Conversion and Identity Formation

I still have my friends from high school. I talk to them once a year. And they say, “Are you still Muslim? Are you raising your kids Muslim?” They think it is some kind of New Age fad that I might drop at any time, you know [laughs].

The problem in America, I don’t know in Sweden, is religious people. Nonreligious people just don’t understand how a smart, intelligent person can become religious. Even my mother, who had been searching all her life but had finally decided that there was nothing there, she just couldn’t understand . . . They think of it as a weakness or crutch, and especially for an intelligent woman “why Islam?”. . .

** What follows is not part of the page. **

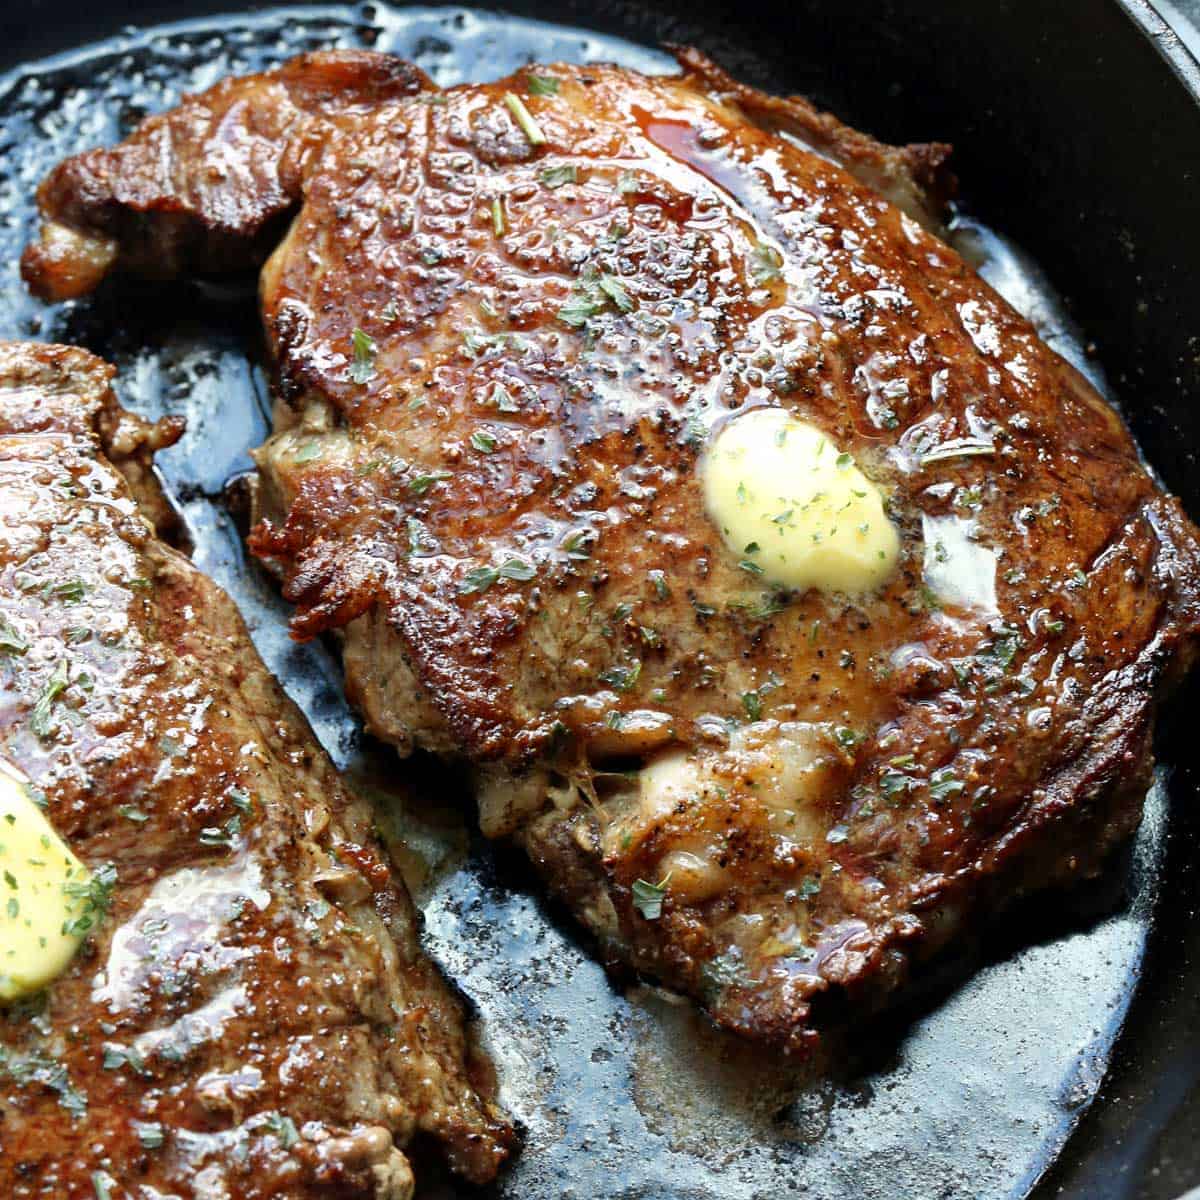 Easy & Juicy Cast Iron Steak Recipe (Made In Just 15 Minutes)

I hear the same from Egyptian women—why do we always have to talk about the scarf when we talk about Islam? Why, if I put a piece of material on my head, do I become stupid? Why does this even matter for discussion! What do you care what somebody wears if what’s inside doesn’t change? (Mariam)

What I find difficult in my life is that since I’m wearing the veil I am questioned. I find it very hard that my intellect is questioned. You can’t be intellectual or intelligent and Muslim at the same time. That com- bination does not exist for most Swedes. In their eyes I have to be somewhat stupid if I, as a Swedish woman, decide to convert to Islam (Marianne).

Mariam from the United States and Marianne from Sweden express disappointment and frustration about being misjudged and misunderstood as Western female converts1 to Islam. They feel a distressing gap between their own self-image and the negative stereotypes many Americans and Swedes have of religious people in general and Muslim women in particular.

They want to be valued for who they are, to be taken seriously. Each understands her conversion as an emotional and intellectual development in her own life, not as a com- pensation for weakness or a rejection of rationality.

In this book I depart from interviews that I have conducted with some women in Sweden and in the United States who have converted to Islam. I was interested in their identity and life as Muslim and what they found appealing within the Islamic faith.

The women told me about particular experiences that were charged with emotional and existential meaning, such as having a dream, a separation, or going on trips to foreign places, experiences that had triggered a need for spiritual connection and fascination with another way of living. Many of them told me about a long process of reflecting, reading, discussing, and slowly trying out what was for them a new and dif- ferent worldview.

The conversions reflect in this sense a slow, gradual transformation. The accounts of the women, as well as others’,2 reflect a longing for a change of self, and over time the religious belief has been given salient meaning within a specific subjective world.

When I have talked about my research, in academic as well as nonacademic contexts, many people have ventilated skepticism and wonder about how Western women at all could deliberately convert to Islam, a religion they often associate with oppression of women. Overall, Islam has become a charged and widely discussed subject that generates a lot of emotions; everyone seems to have an opinion about it. The presence of Islam in the West is palpable, being the fastest growing religion in both Europe and the United States.

 Muslims are far from being the far-away “others.” The often-invoked dichotomy and conflict between “West” and “Islam” is unfounded and question- able in some people’s everyday life though at the same time it is being used politically to reinforce differences between an “us” and a “them.” While Islam is frequently presented by media as a threat to “Western” ideas, some people in the West explore and commit themselves to the Muslim faith, finding in it support for ideas about solidarity, family, social justice, and peace.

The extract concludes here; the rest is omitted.